The core of Phosphorus will consist of (1) a formal capabilities language, (2) a capabilities parser, that translates a capability description into a logical description, (3) a dispatcher that invokes either the PowerLoom classifier or partial matcher to search for capabilities matching a user request, (4) a Selection module that assesses the suitability of retrieved capabilities either singly or in combination to service a user request. We will take a knowledge-based approach selecting agents, so that enhancements and preferences may be effected by axiomatic as well as procedural encodings of the decision-making process.

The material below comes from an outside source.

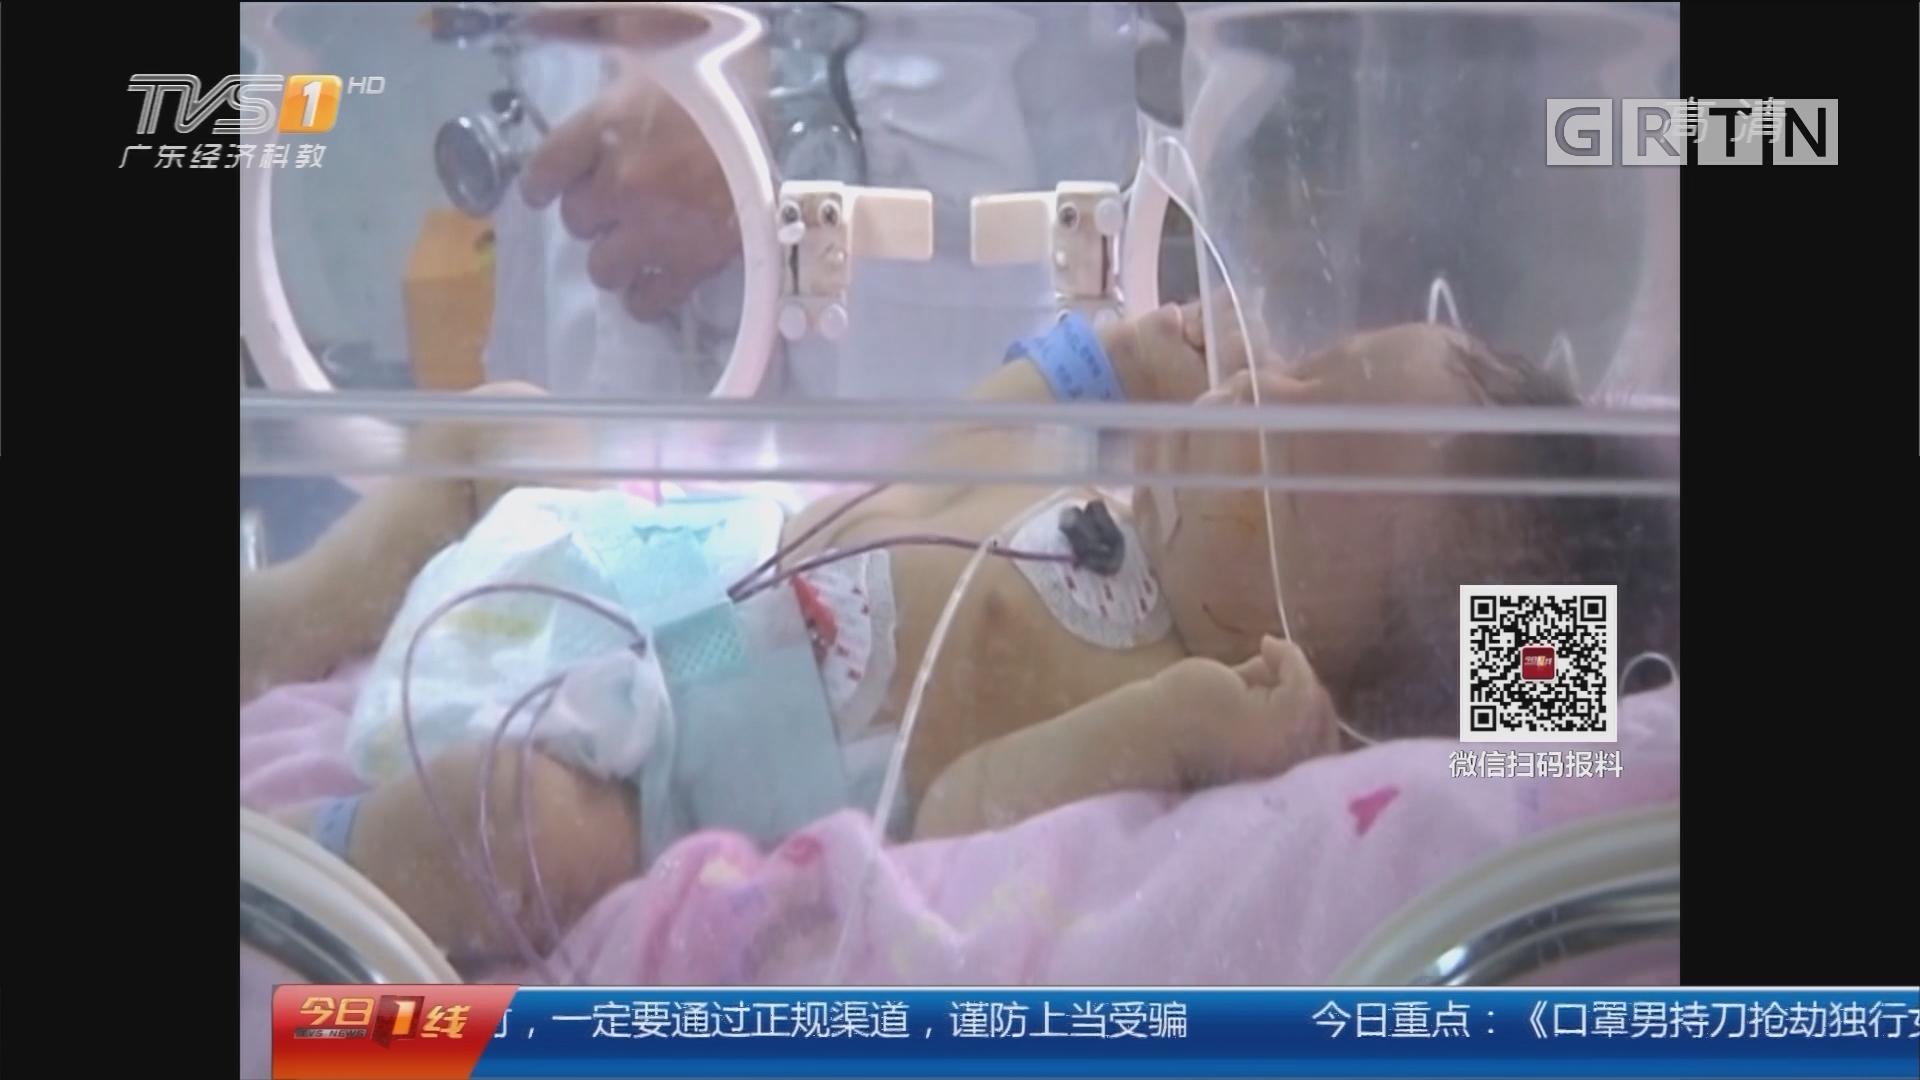 汕头:寒夜屋顶现弃婴 街坊帮送院救治

We will develop several ontologies: A Capabilities Ontology will formalize the semantics of capability descriptions. The original EXPECT capabilities ontology could assume the complete reliability of each advertised capability (capabilities are attached to EXPECT methods). One of our enhancements will allow for expression of empirical assessments reflecting observed agent behavior. A Similarity Ontology will contain taxonomic, heuristic and empirical knowledge used to evaluate the relative closeness of terms found in capability descriptions. This knowledge will augment the matching operation by, for example, defining contexts in which pairs of terms can be considered to be synonyms. An Assessment Ontology will formalize the choices and decisions performed by Phosphorus Selection module. It will also enumerate the various dimensions (action similarity, cost, time-to-completion, observed reliability, etc.) used in making an assessment.
The testbed for evaluating and demonstrating Phosphorus will contain a library of agent capabilities for existing agents participating in CoABS TIES. Our demonstration need not involve the activation of any agents; instead, given a user request, the system can access the library of capabilities and display its decision of which agent or agents should be invoked to perform the request. When a user intervenes in a decision, either because Phosphorus cannot make a selection with certainty, or when one of its selections is overridden by a user; the system will take that experience as a learning opportunity. We will demonstrate how the learning component built into the PowerLoom partial matcher can improve system performance as it reacts to observations of user preferences. We will also show how explicit entry of knowledge into one of Phosphorus’ knowledge bases can directly influence the decision making process.
Future areas of work include better languages and tools to specify agent capabilities, additional dimensions to characterize agents (efficiency, reliability, etc), tracking the use of agents and assessing their actual capabilities, suggesting adequate partial matches, and using large amounts of background knowledge.